- _Data extract_

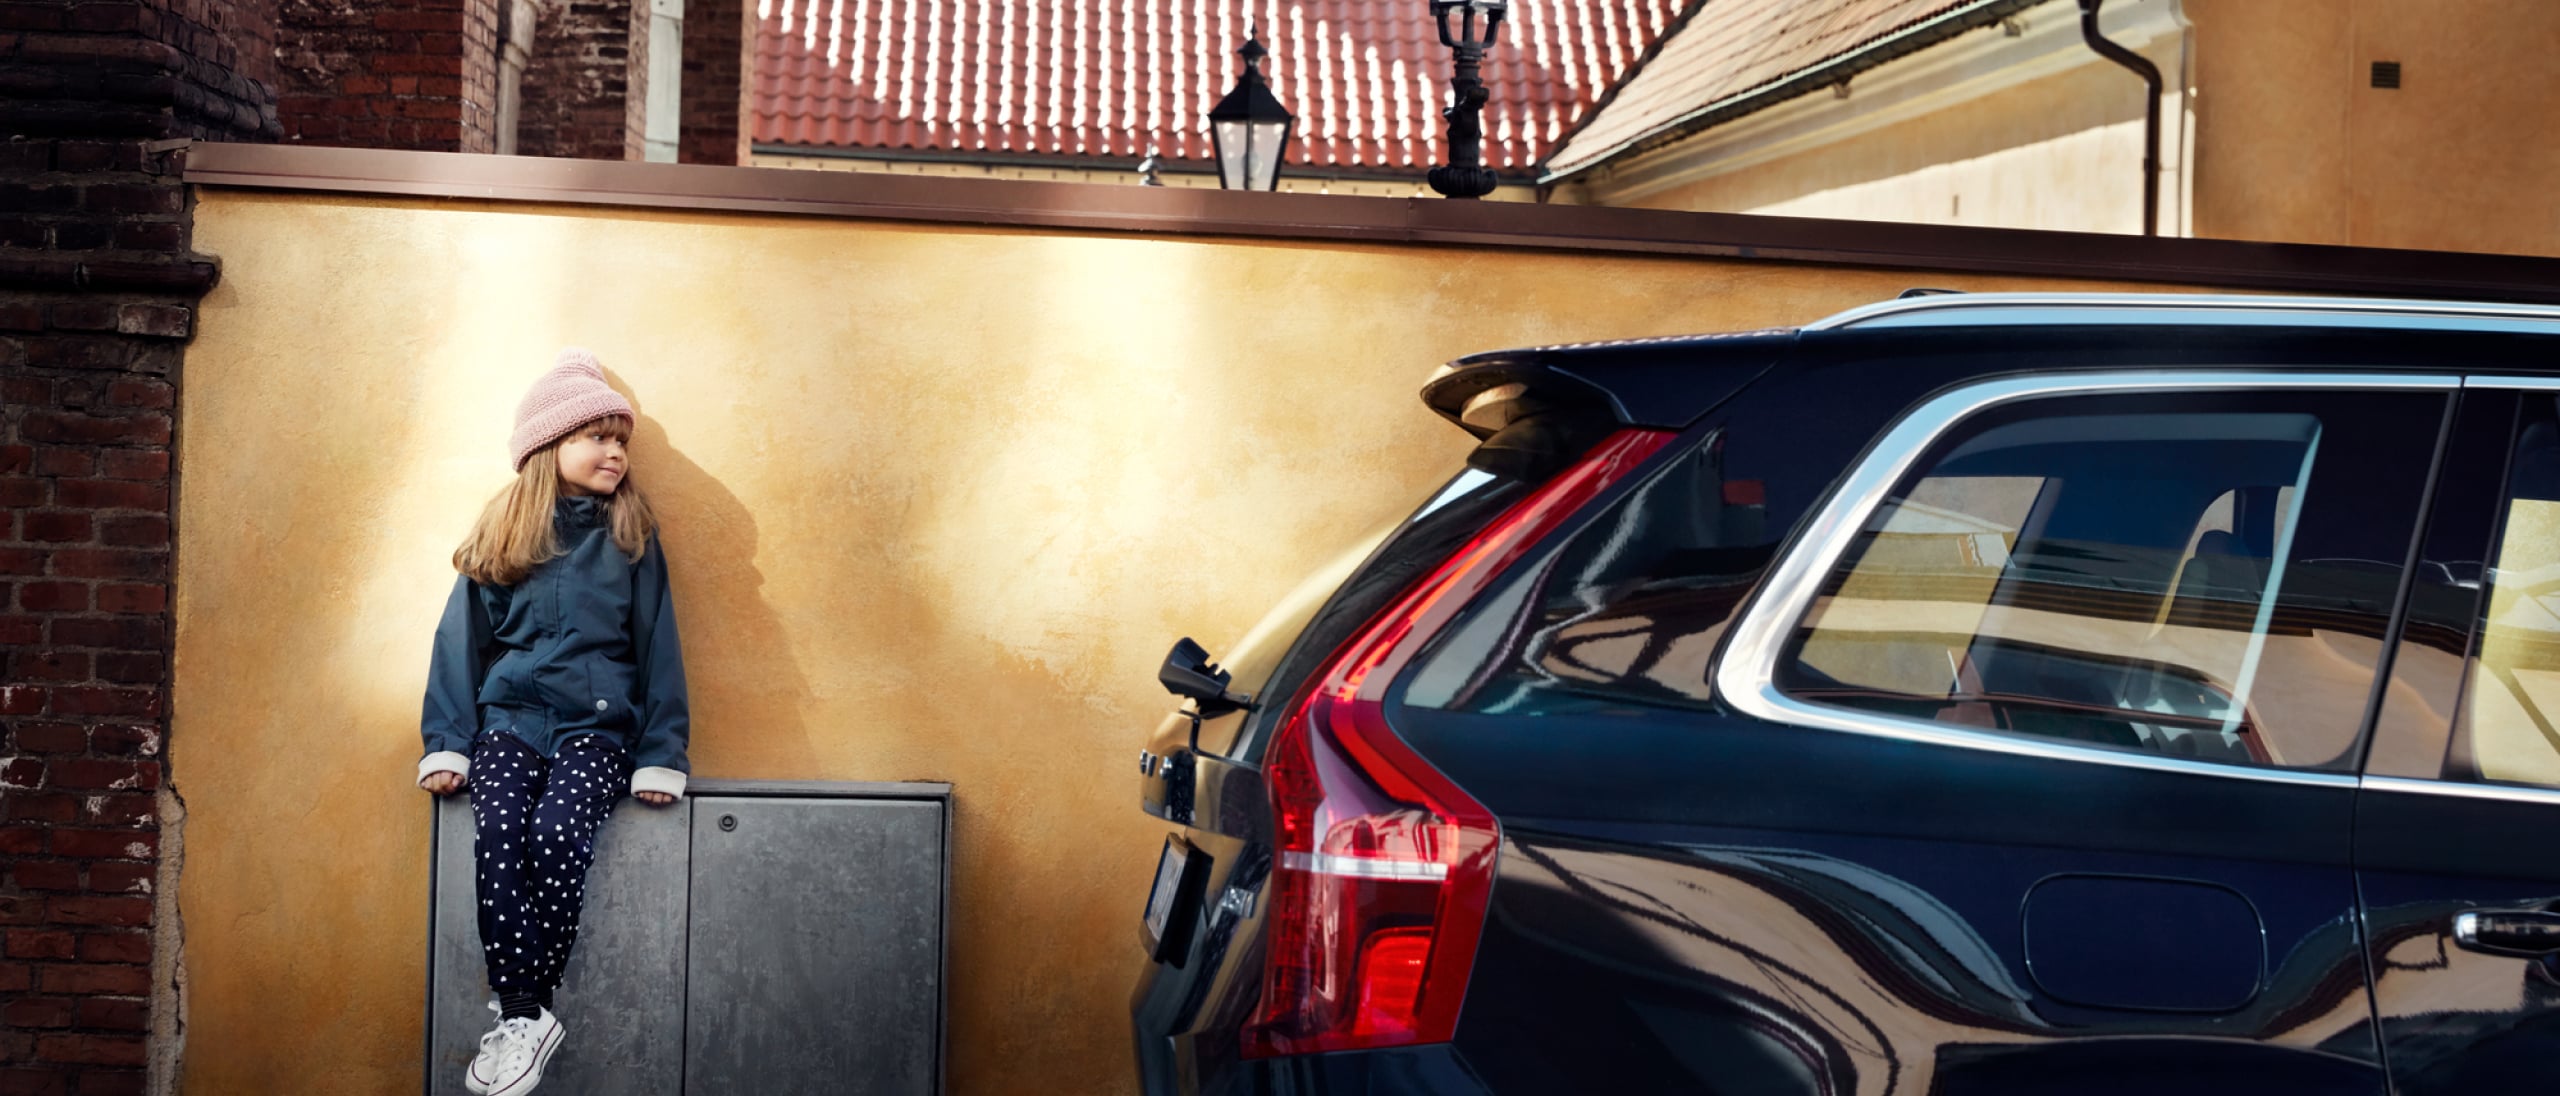 Uma criança sentada e apoiada numa parede, junto a um Volvo preto estacionado.
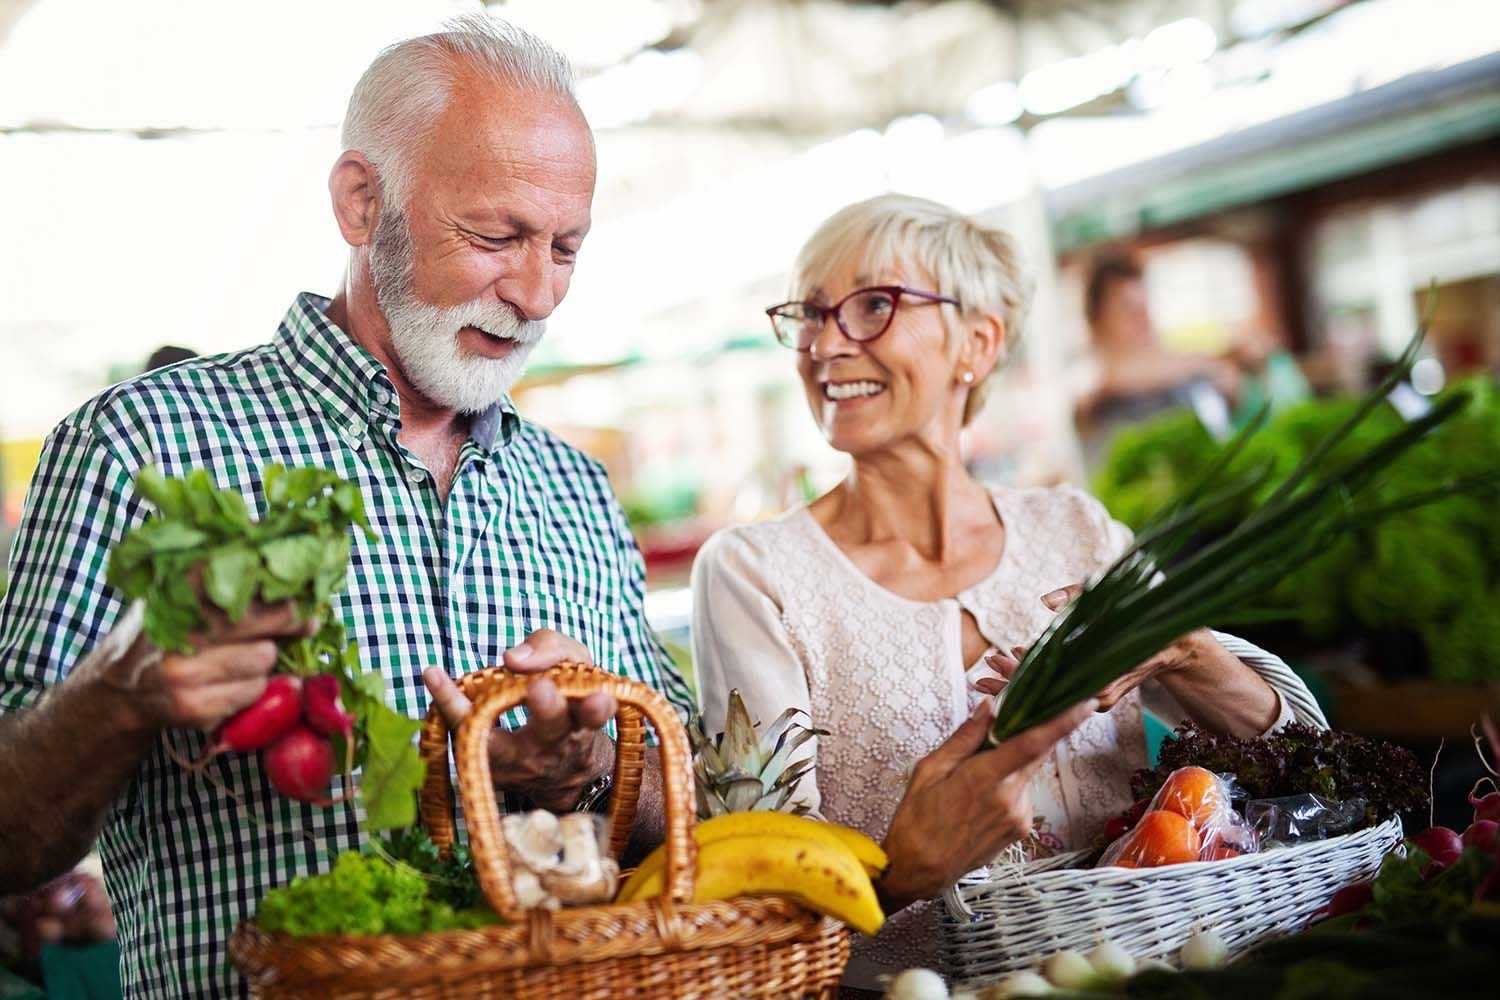 Auf dem Bild ist ein älteres Ehepaar zu sehen, das gerade Gemüse auf dem Markt kauft.
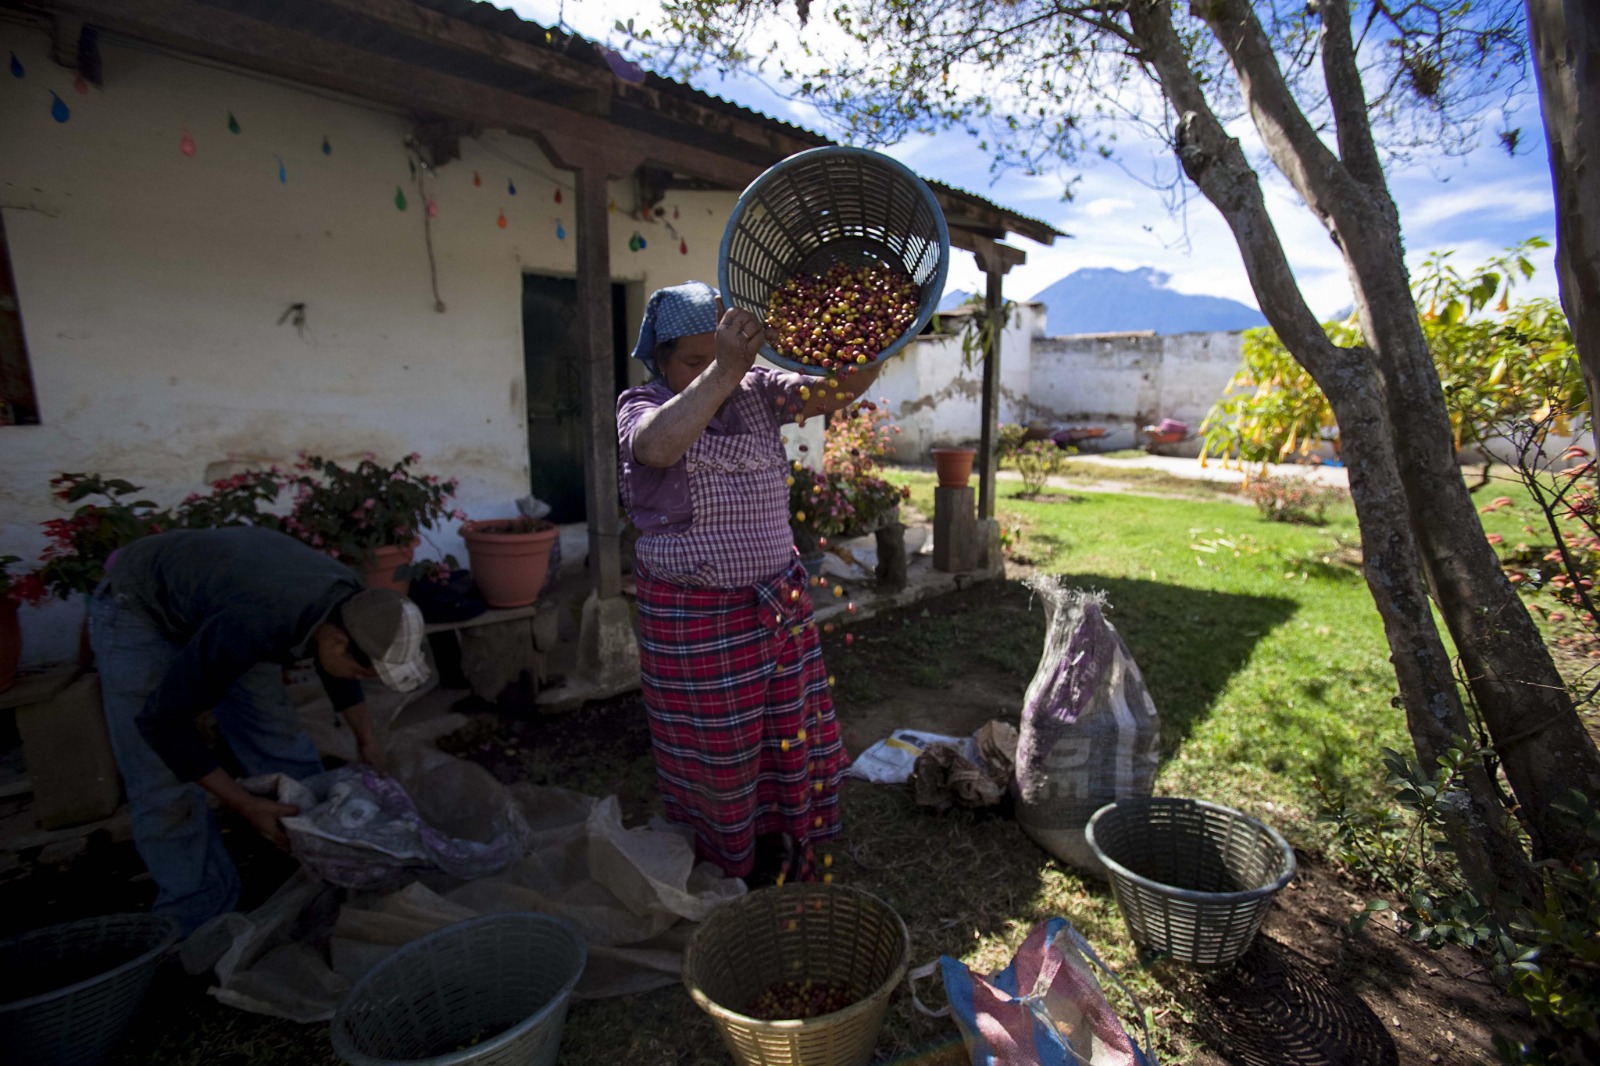 Una mujer separa granos de café de buena o "primera" calidad en una finca. (Foto Prensa Libre: Antonio Jiménez)'
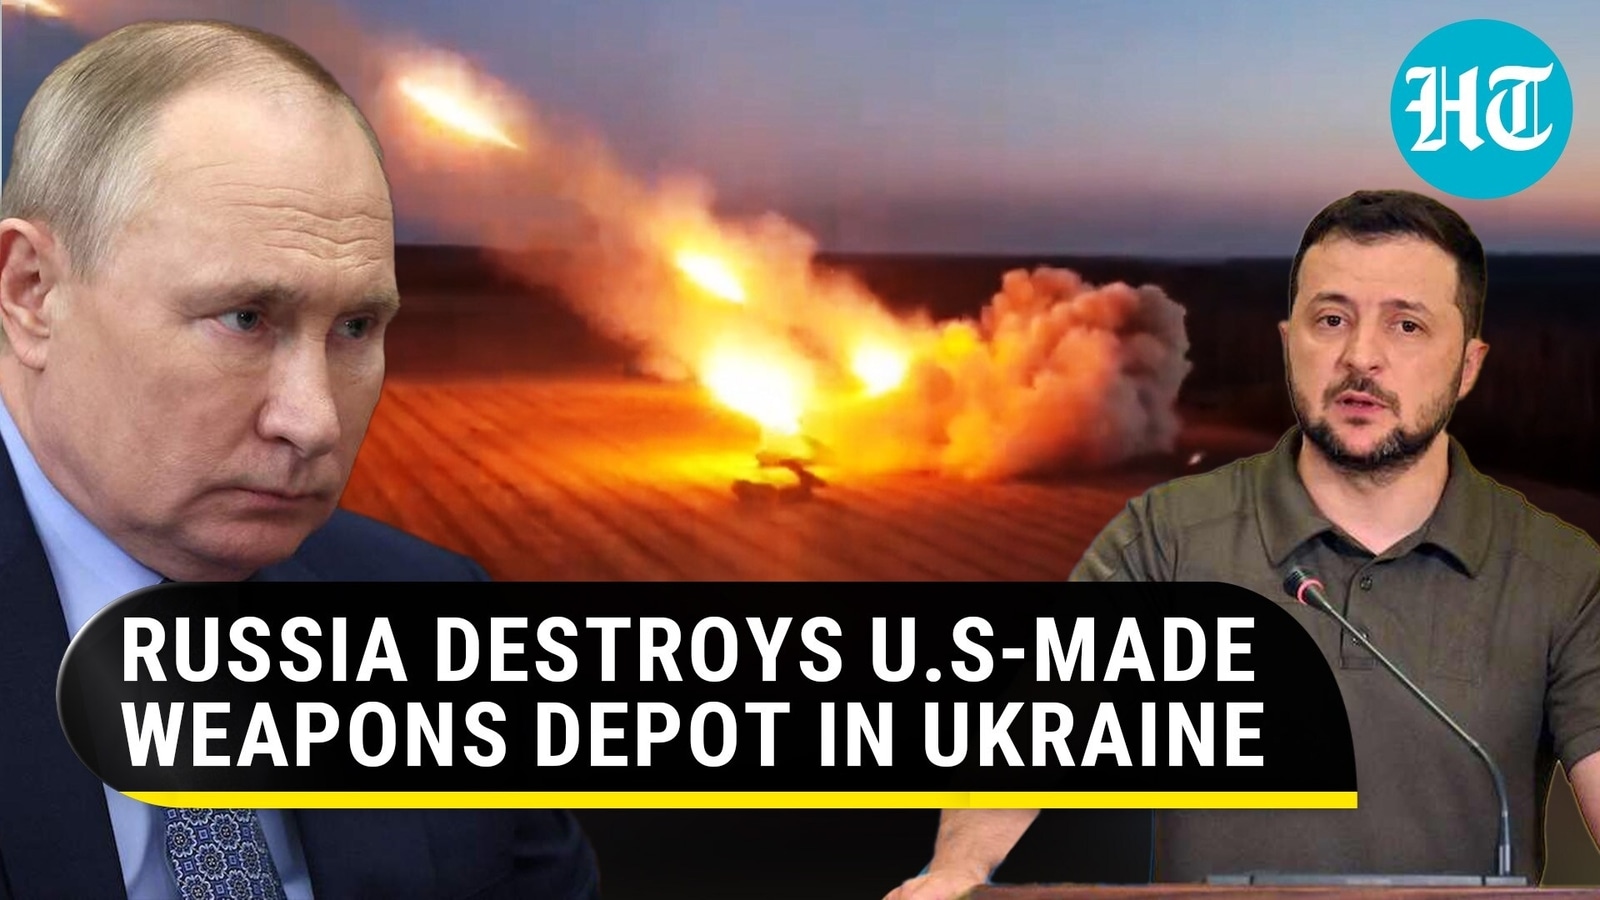 Putin's Men Strike U.S HIMARS, M777 Howitzers at Weapons Depot in Ukraine

- _Description of the task_
Repeat the listing above exactly from its first line to the line containing "Una mujer separa", both included, and omit the pictures.

- _Exercise result_
 Uma criança sentada e apoiada numa parede, junto a um Volvo preto estacionado.
 Auf dem Bild ist ein älteres Ehepaar zu sehen, das gerade Gemüse auf dem Markt kauft.
 Una mujer separa granos de café de buena o "primera" calidad en una finca. (Foto Prensa Libre: Antonio Jiménez)'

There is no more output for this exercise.